The 2009 Superleague Formula season was the second Superleague Formula championship. The series was rebranded the "Superleague Formula by Sonangol" for this season and also 2010 with the Angolan oil company becoming the title sponsor. It began on June 28 at Magny-Cours and finished on November 8 at Jarama.

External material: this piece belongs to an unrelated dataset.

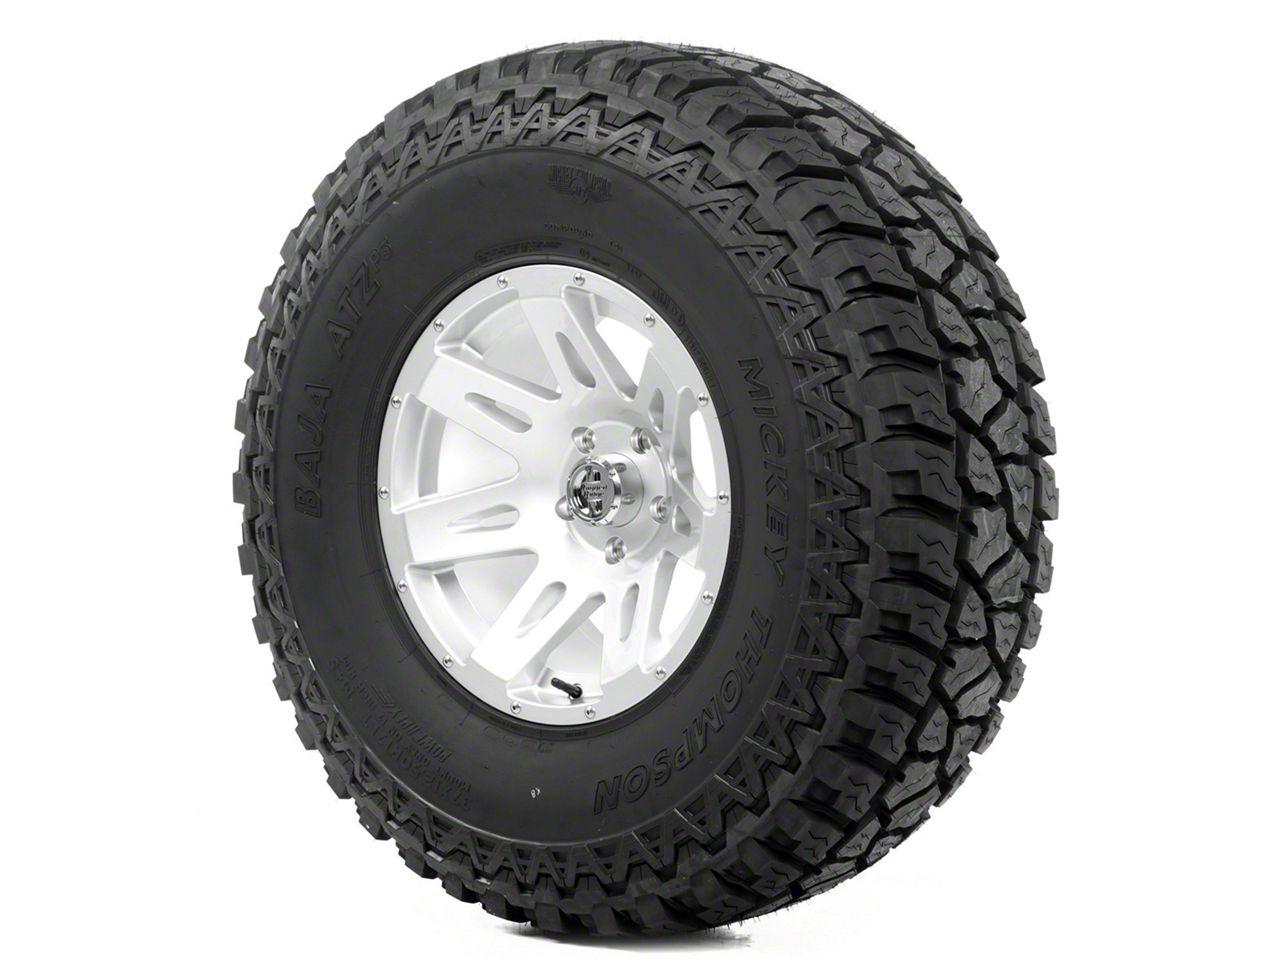 Rugged Ridge XHD Wheel 17x9 Silver and Mickey Thompson ATZ P3 37x12.50x17 Tire Kit (13-18 Jeep Wrangler JK; 2018 Jeep Wrangler JL)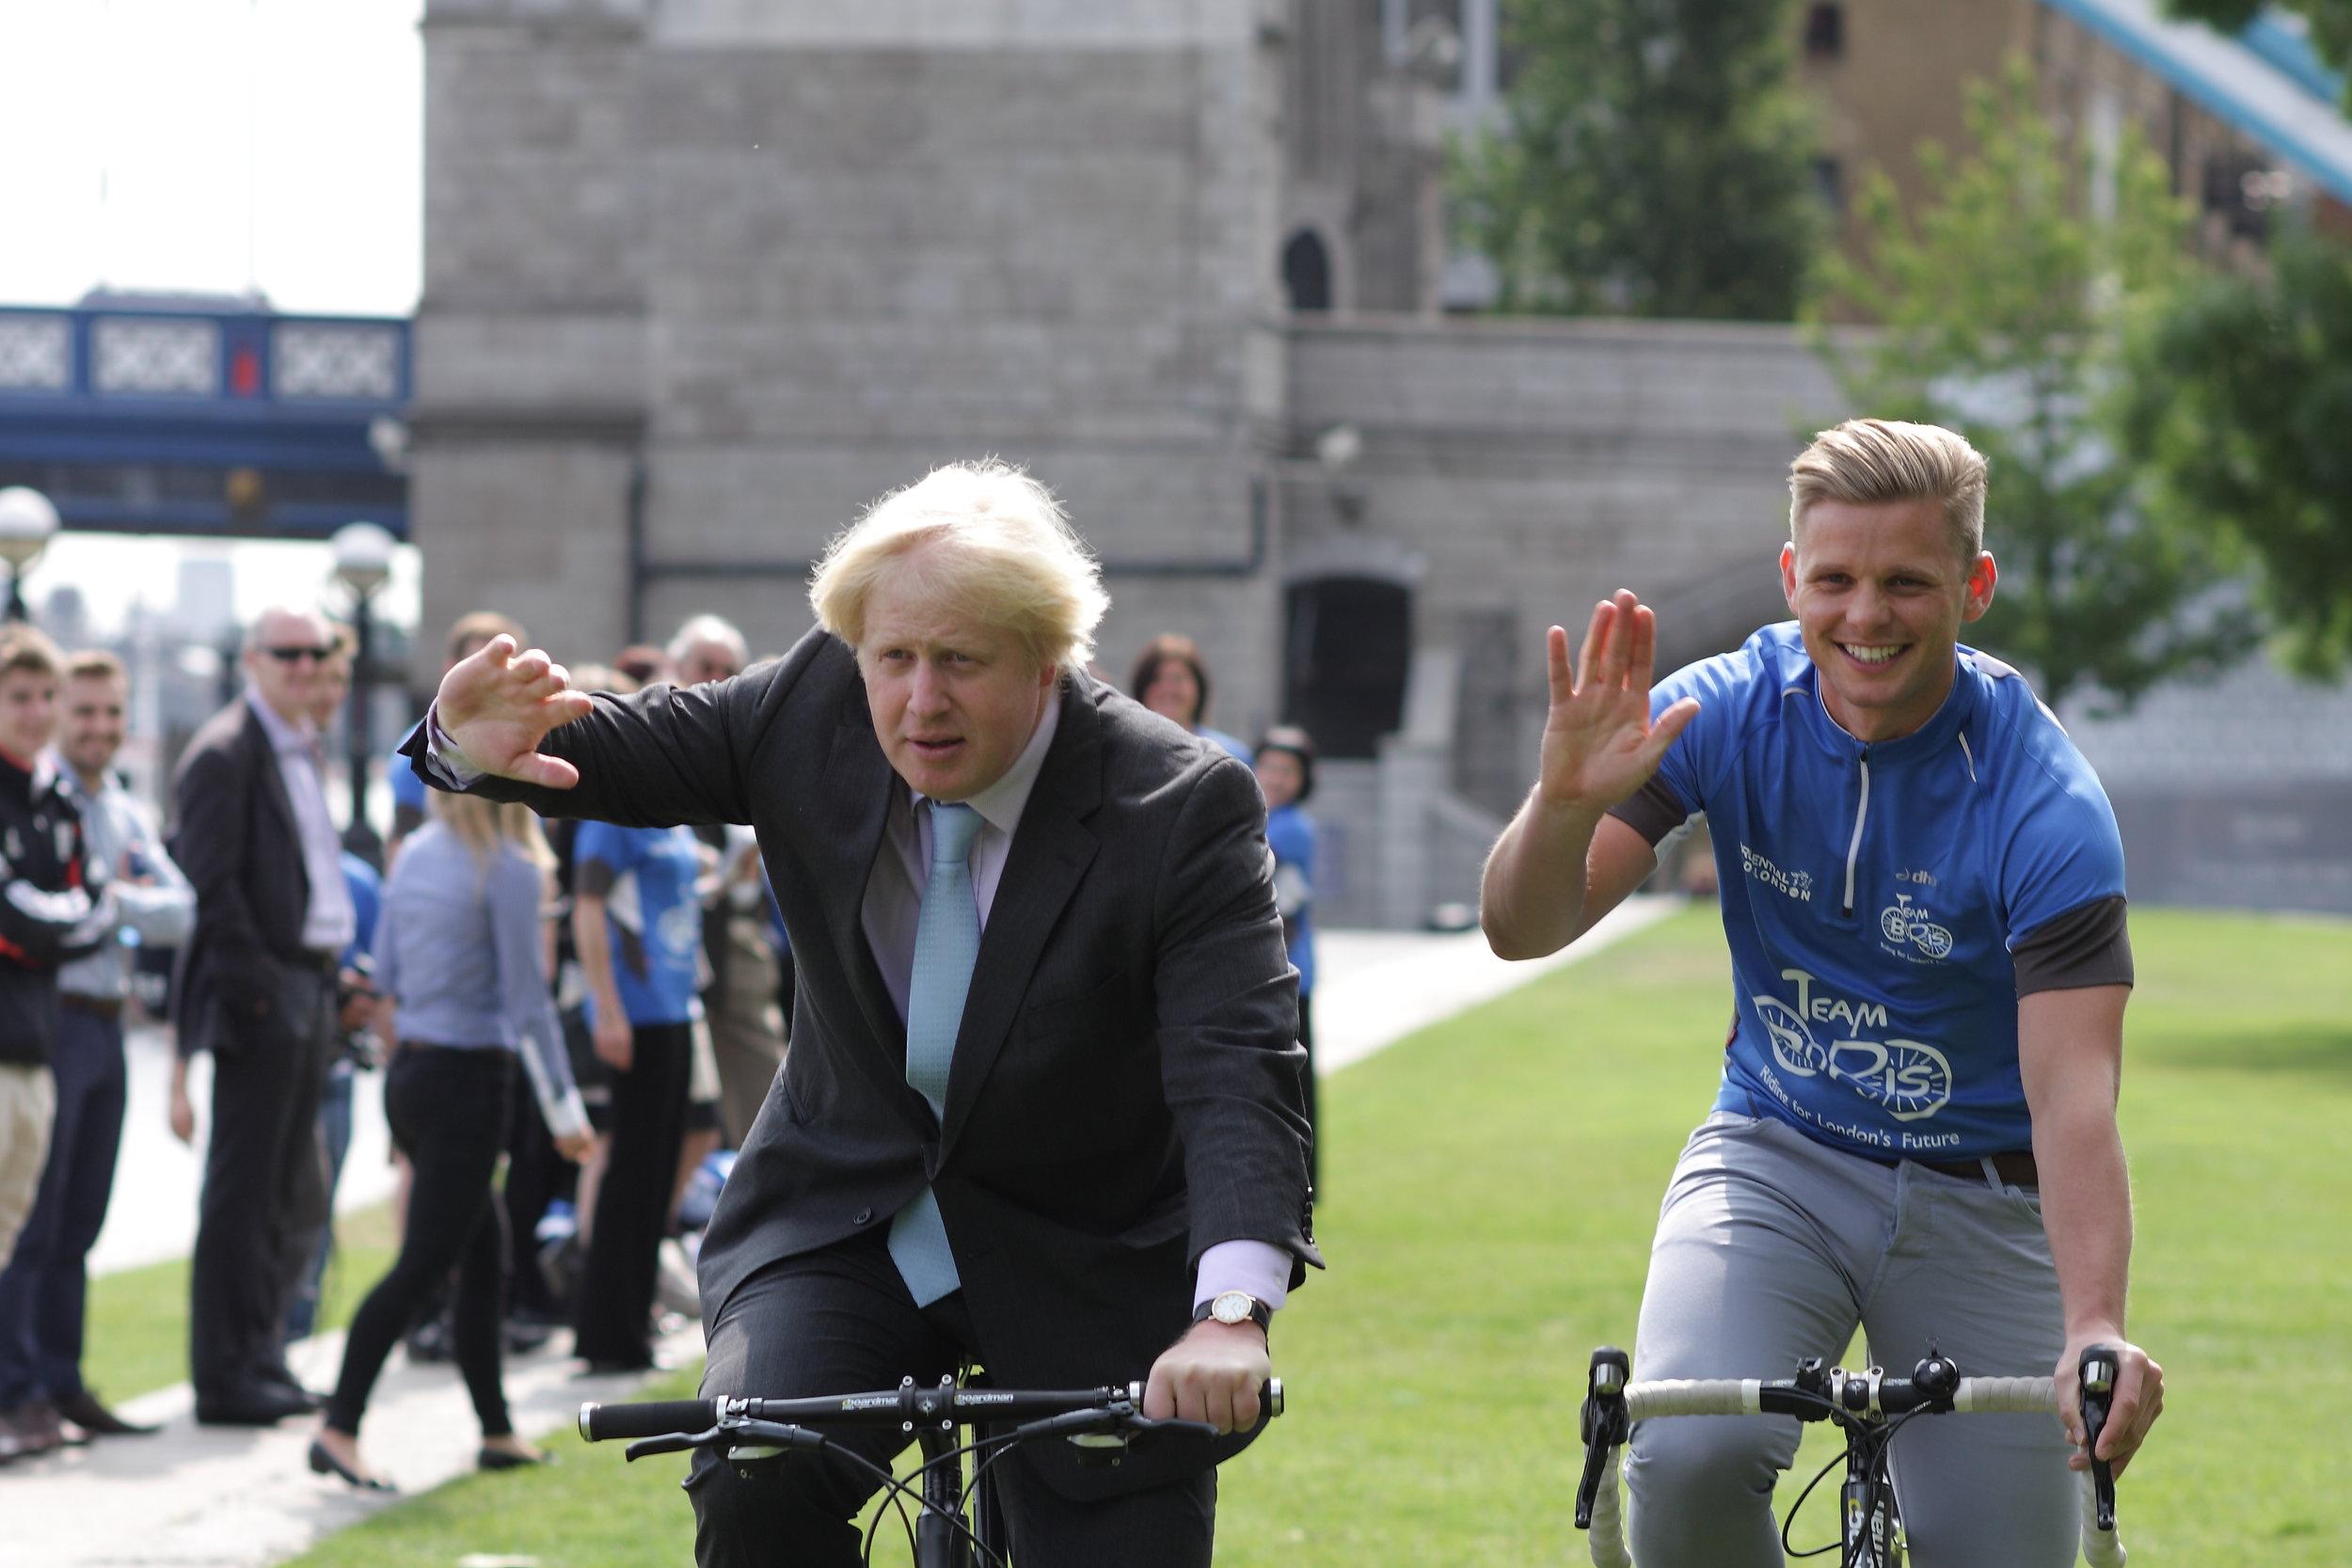 Boris Johnson and Jeff Brazier in training for Team Boris (002).jpg

The field remained at 18 clubs for the 2009 season but Beijing Guoan did not return to try to retain the title which they won with Davide Rigon in 2008, however Rigon did return in the car of Olympiacos CFP despite GP2 commitments. In Estoril, María de Villota became the first woman to race in the series and Sébastien Bourdais became the most successful racing driver to enter the series having been dropped by Scuderia Toro Rosso just weeks earlier. Bourdais described Superleague as "the best alternative to F1".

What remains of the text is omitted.